Artist Leah Sobsey Finds Inspiration and Documents Natural History in the Forest

Many people have had trouble finding their creativity amidst the prolonged uncertain time of the global pandemic. But what to do when creativity itself is your job and livelihood?

Leah Sobsey is the director of the photography program at the University of North Carolina at Greensboro and a 10-year neighbor to the Duke Forest’s Korstian Division. When the pandemic found her scrambling to facilitate school learning for her twin first graders, she looked to the Forest “to keep her sane” and to keep her creative process going.

She said, “I do some of my best thinking in the woods”. Her nearly daily runs and slow walks through the Korstian Division are akin to forest bathing (aka shinrin yoku), where she takes inspiration from the meditative spaces that the forest environment provides.

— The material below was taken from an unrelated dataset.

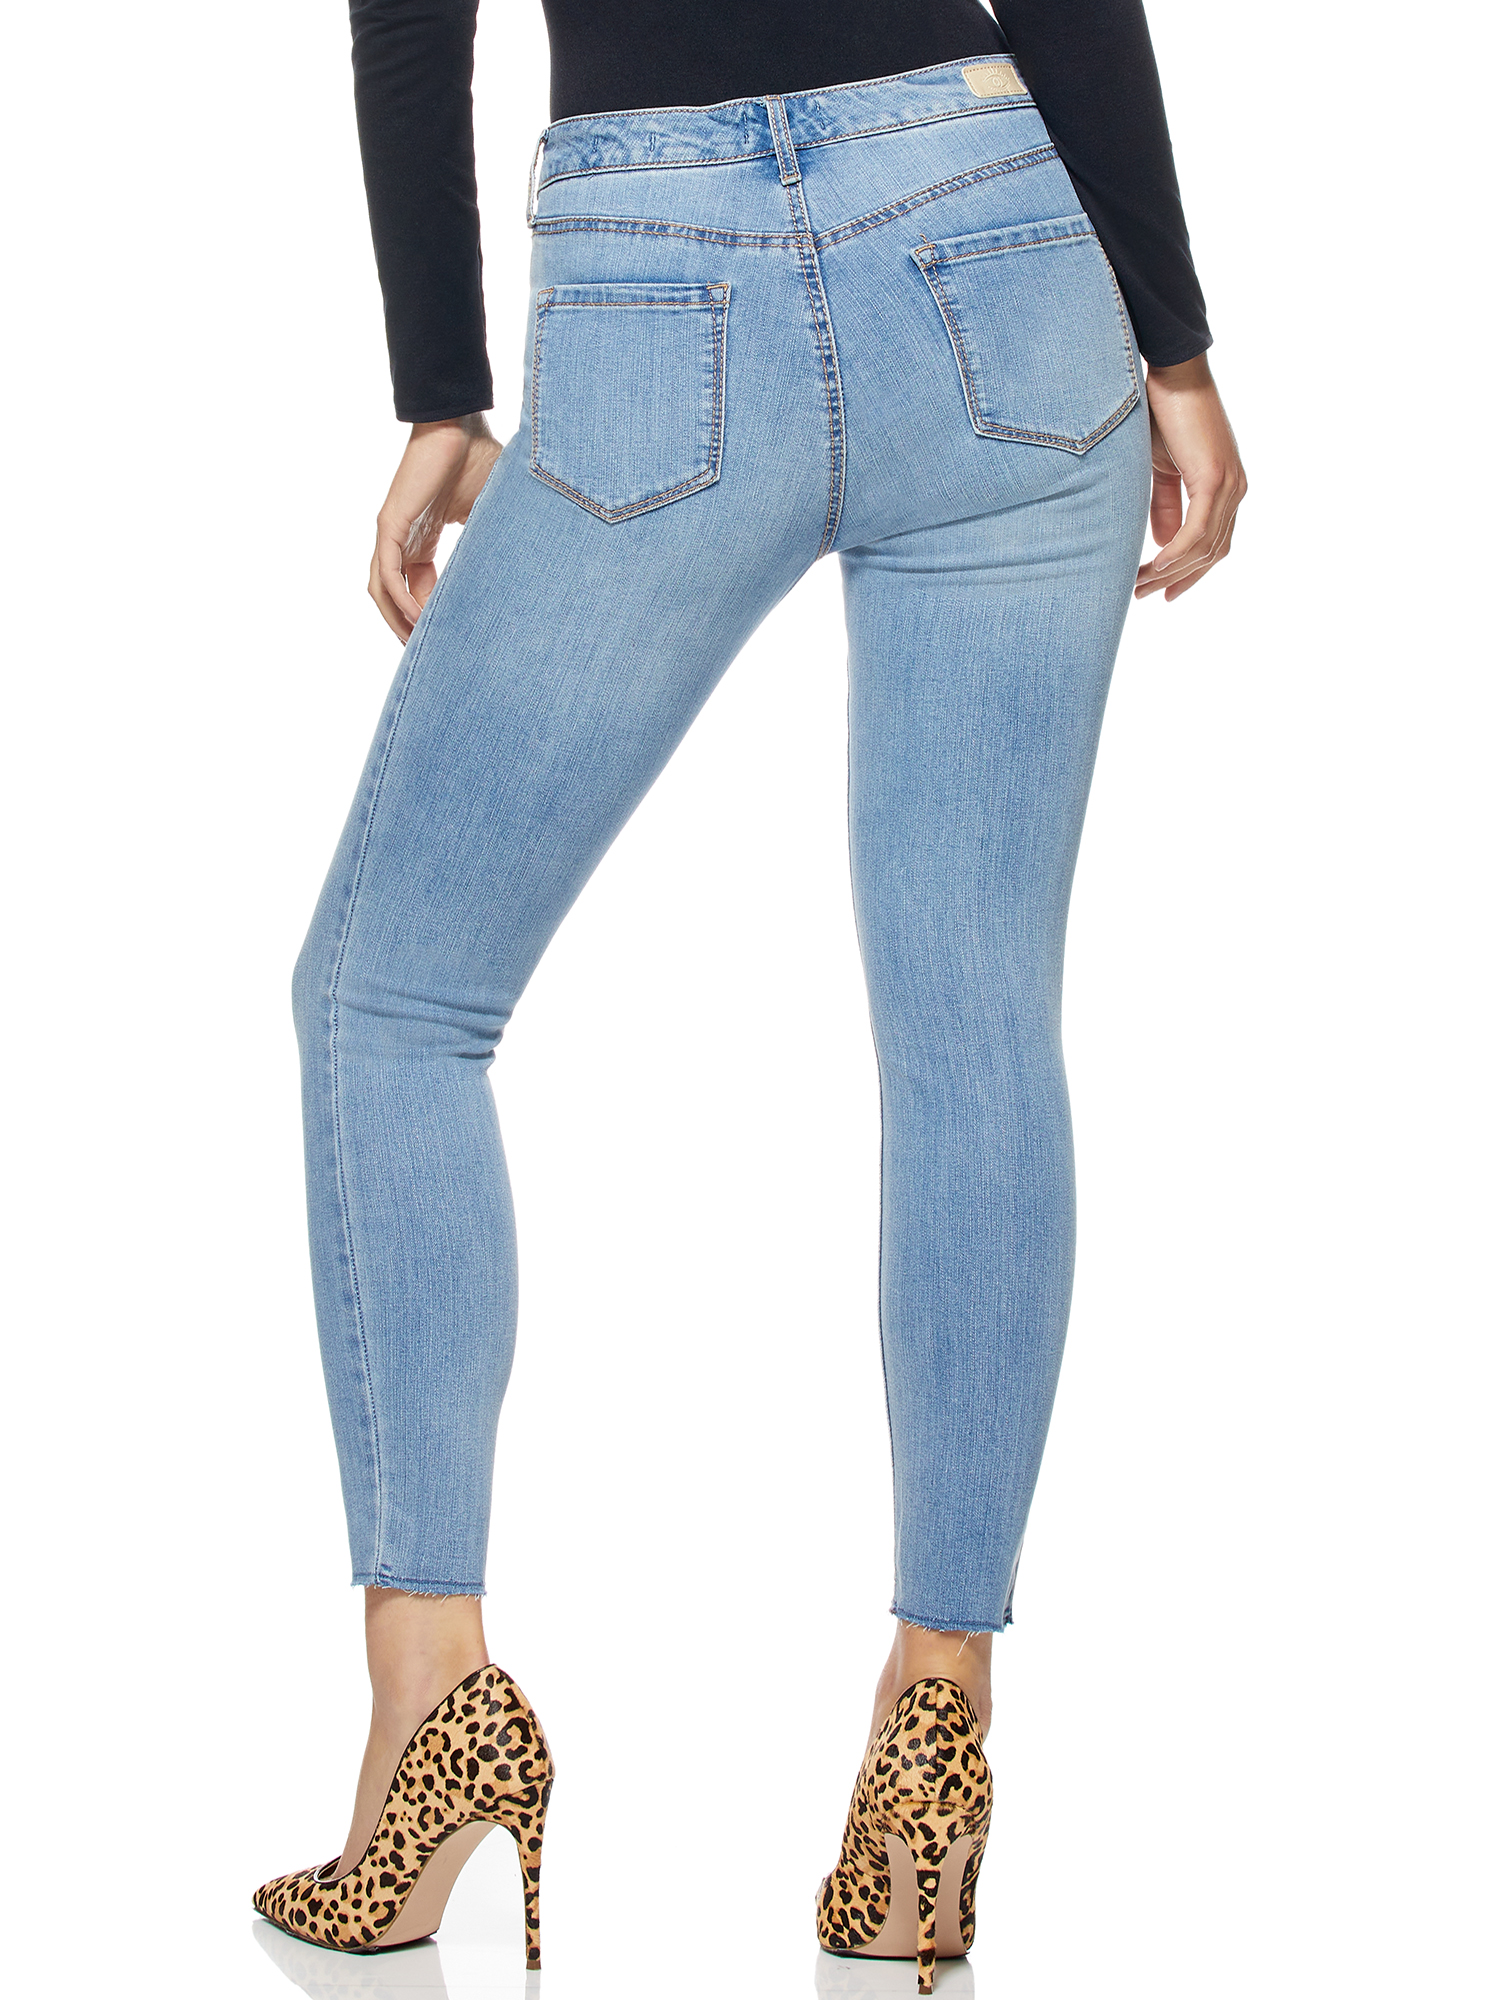 Sofia Jeans Women's Sofia Skinny Mid Rise Ankle Jeans - image 3 of 7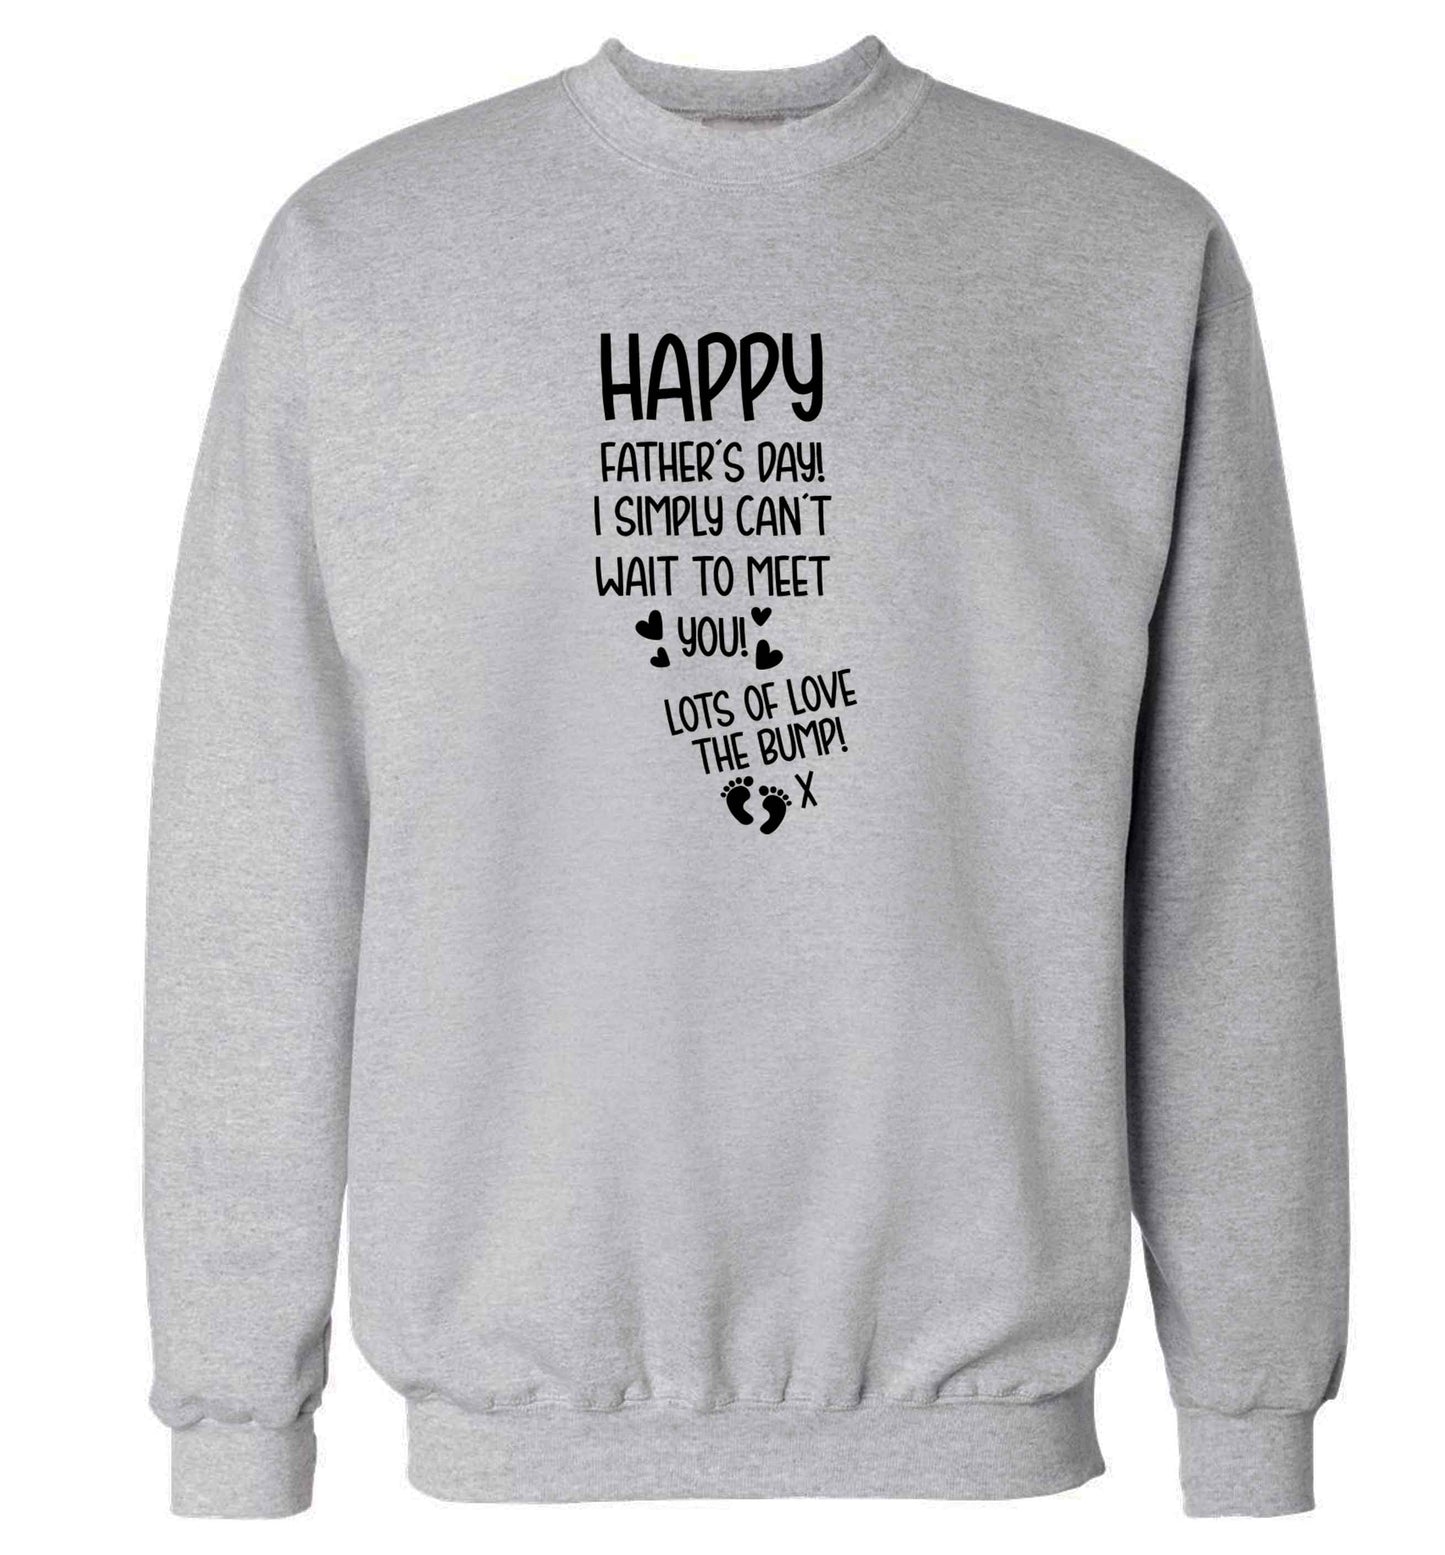 Happy Father's day daddy I can't wait to meet you lot's of love the bump! adult's unisex grey sweater 2XL

The daily inspiration has fed her sanity and her art. A project called “Lumen” (examples below) which stemmed from her walks in Duke Forest in 2020 combined lumen photography and anthotype photography—the former, exposing dark room paper to UV light, and the latter, using plant material itself to create an image. She calls these explorations of plants “cameraless” images, and she sees them more as documentary than art because they not only depict plants but they are made from them. In the process, Sobsey crushed and shredded parts of the plants to make certain colors and then used whole specimens of leaves or fiddlehead ferns, for example, to form the central image by placing them in direct contact with photo sensitive paper.

Lumen showcases Sobsey’s passion for 19th century photographic processes and herbaria—or collections of preserved specimens of plants. She is currently working with the famed poet Emily Dickinson’s pressed plant collection and also with naturalist par excellence Henry David Thoreau’s meticulously indexed and preserved plant pressings for at least one large-scale exhibit next year. By looking into the direct evidence of the past in these herbaria, her photography work aims to awaken viewers to the tangible realities of climate change.

The Duke Forest is a destination for discovery. Inquiry into the natural world is not limited to science. We hope you find inspiration from Leah’s story, and think of the Forest as a place to influence your thinking and creativity.


Lumen was featured at the Umstead Hotel & Spa Gallery in Cary this Summer and part of series can currently be seen at the Weatherspoon Art Museum at UNC Greensboro.